Phase 1 runs on every machine regardless of hardware, and at its end the user has a working browser-based AI at localhost:5000 with tool execution. Six layers: a Python environment; the workspace directory structure (the vault, the conversation store, the ChromaDB index, routing-config.json); the framework library (cloned from the repository); the orchestrator (boot.py, boot.md, mind.md, the tool implementations); the API-key framework (staged); and the universal chat server.

The architectural commitment Phase 1 establishes is the orchestrator-in-the-loop contract: the model never touches the machine directly. The model emits a tool request in a defined format; the orchestrator’s Python watches for it, executes the corresponding function, and injects the result back into the conversation. boot.md is the contract; the orchestrator is the party that honors it; a model without the orchestrator is issuing tool calls into silence. (This is the harness control loop, specified in Harness Control Loop, established at install time.) The practical consequence: every serious interaction flows through localhost:5000, where Python is in the loop — not through a raw model interface.

Phase 1 reaches the model through API routing — OpenRouter required, direct provider APIs optional. An earlier design routed through browser automation against the user’s logged-in subscription accounts; that dispatcher was retired (install Chunk 1) because the reliability and cost-management properties of APIs proved decisive over the “use what you already pay for” advantage of browser sessions. The orchestrator’s Python-in-the-loop contract is unchanged; only the path from orchestrator to model differs.

The hardware-evaluation gate

After Phase 1, a brief check decides whether Phase 2 runs at all. The rule is explicit: if total RAM is below 8 GB, stop at Phase 1; if RAM is 8 GB or more and free disk is 5 GB or more, proceed to Phase 2. Stopping is not a failure state — it is Tier 0, the same architecture on different hardware. A Tier-0 machine has commercial-AI intelligence reaching its local files through the orchestrator, every framework installed, and every methodology working identically; it simply has no local model. The gate is designed so the low end is a complete system, not a degraded one.

This is the first reliability decision, and it is made before anything is downloaded. A machine that cannot run a local model is told so and given a complete cloud-routed system instead of a half-installed local one.
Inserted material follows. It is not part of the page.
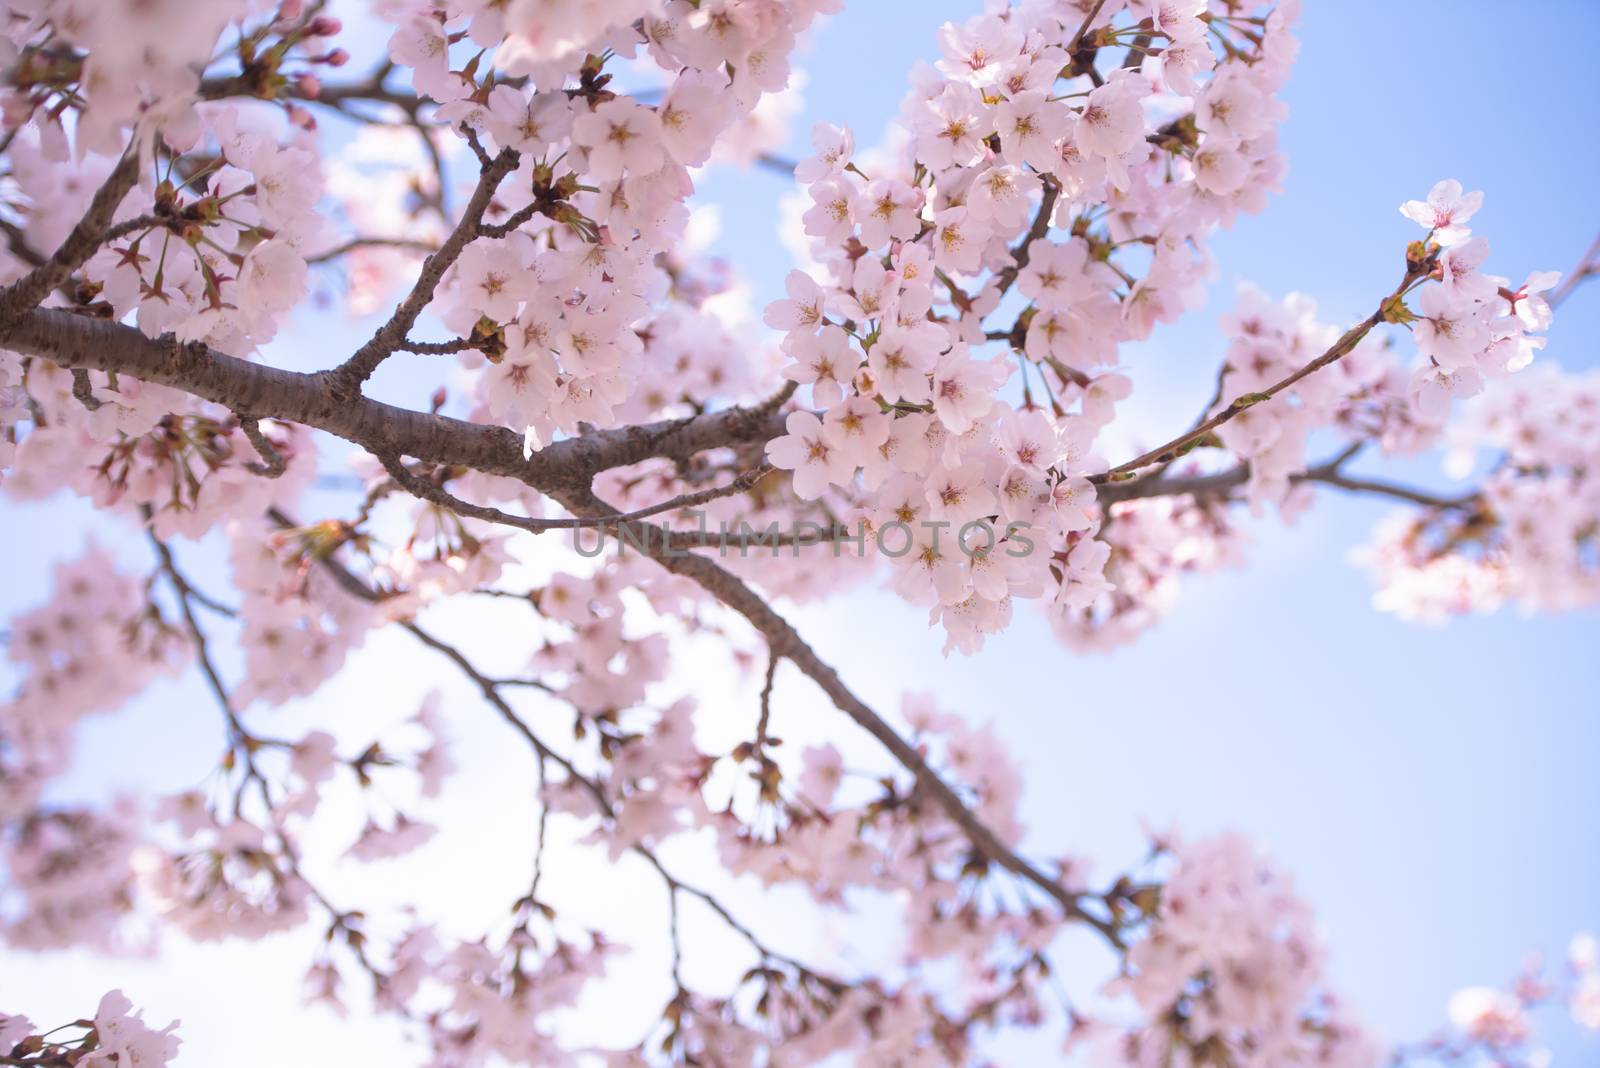 Cherry Blossom in spring with Soft focus, Sakura season in korea,Background. by wijitamkapet@gmail.com
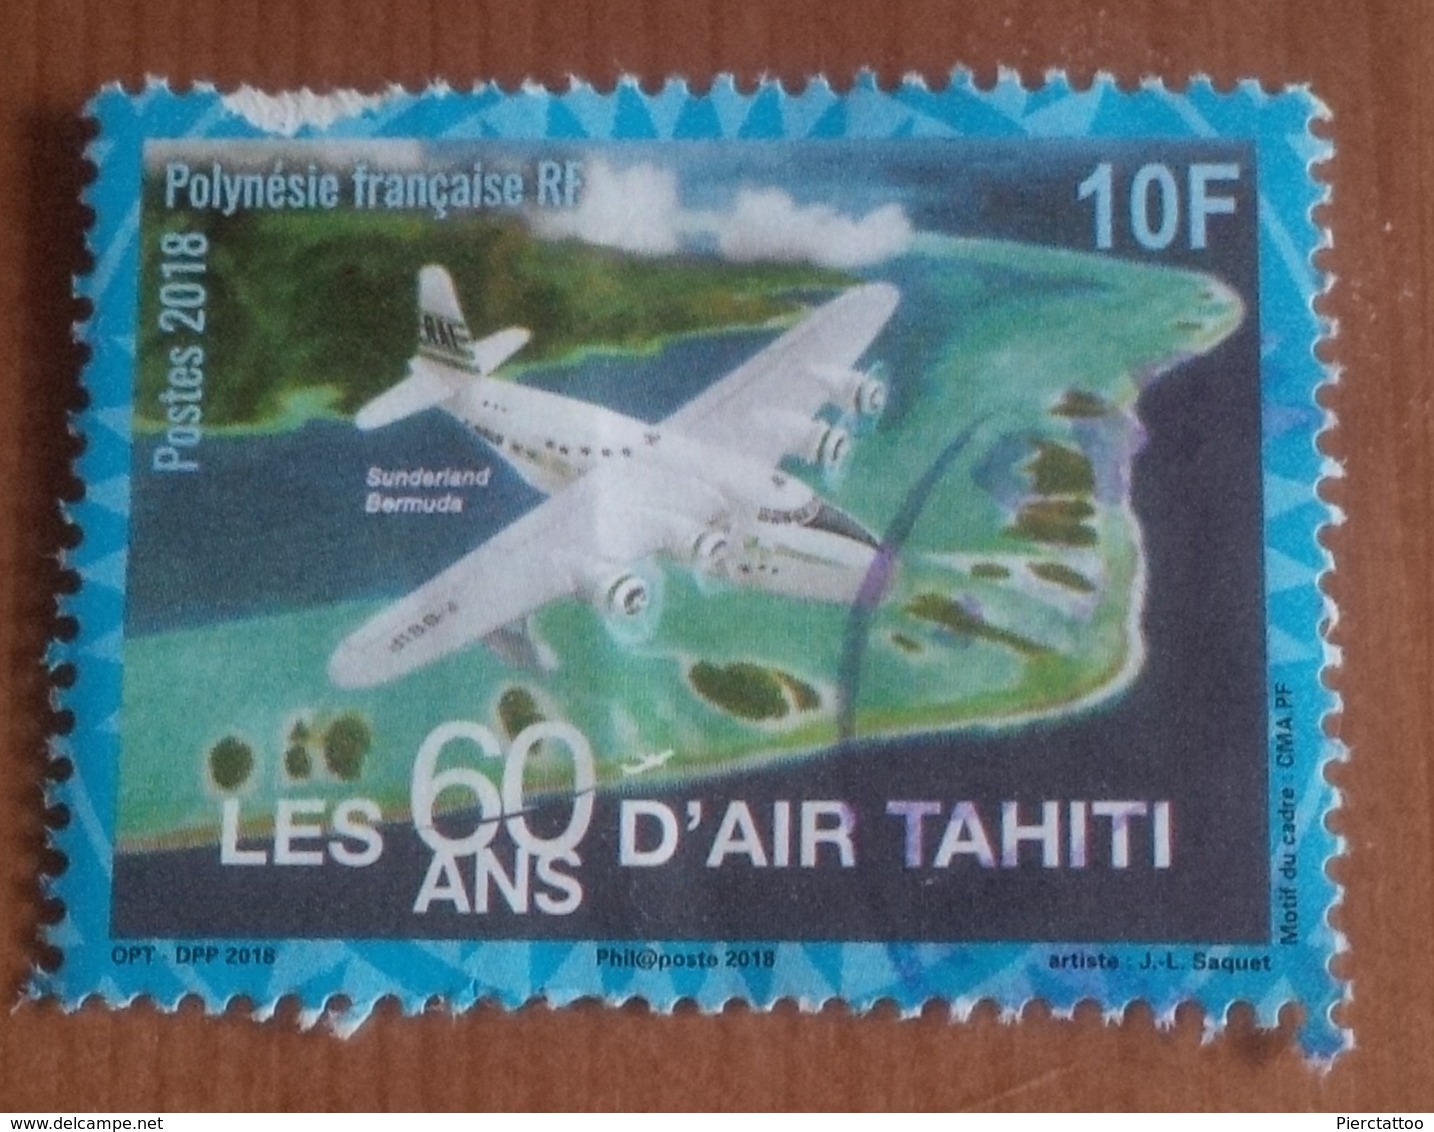 Les 60 Ans D'air Tahiti (Avion) - Polynésie Française - 2018 - YT 1176 - Usati

Hardware tiers — behavior matched to capability

Phase 2 tiers its behavior to detected hardware. Detection (Phase 2, Layer 1) reads OS, total and available RAM, disk, processor, and GPU. The tiers:

  • Tier 0 (cloud-only, < 8 GB): Phase 1 system; commercial AI through the orchestrator. No local model.
  • Scout (≈ 8 GB): a small local model as the primary endpoint. Capable of basic work; flagged for the tool-reliability limit below.
  • Workhorse (≈ 8–64 GB): a mid-size local model; solid general use and analysis.
  • Sovereign (64 GB+): large or multiple local models. This tier unlocks the Model Switcher (Phase 2, Layer 9), which configures which model fills each pipeline slot — the install-time entry point to the adversarial-diversity choice the The Adversarial Pipeline depends on.

The tiers determine which model class auto-selection targets and which capabilities install; the architecture does not change across them. Tiering is additive: Phase 2 registers a local endpoint alongside the Phase-1 system rather than replacing it, so a local model is a new endpoint in the same chat server, never a separate product.

Validating model fit before download

The second reliability decision — will this model fit — is made before the download commits, and it is made from the model’s parameter count and quantization level, never from its file size. The fit math (RAM ≈ parameters × per-quantization factor + overhead, against a budget of 75% of system RAM; the MoE total-vs-active distinction; the dense-vs-MoE capability-per-gigabyte frontier) is specified in Model Selection and is not repeated here. What matters architecturally is when it runs: at selection, against the detected hardware, so a model that cannot fit is rejected or downsized before the user waits for gigabytes that will not load.

Selection itself is script-driven and transparent. The install script auto-populates model configurations using the Pareto-frontier + intelligence-floor + cost-sort algorithm (again, Model Selection) rather than a hand-picked default — so the model chosen for a machine is the best fit on the cost/capability frontier for that hardware, derived rather than guessed.

Inference engine and integrity verification

The inference engine is selected by architecture: MLX on Apple Silicon (the safetensors/MLX path), Ollama elsewhere (the GGUF path), with vllm-mlx available for the multi-model Sovereign case. Engine selection follows from the format the validated model is available in; a model not available in the machine’s format triggers a search for a converted version rather than a failed install.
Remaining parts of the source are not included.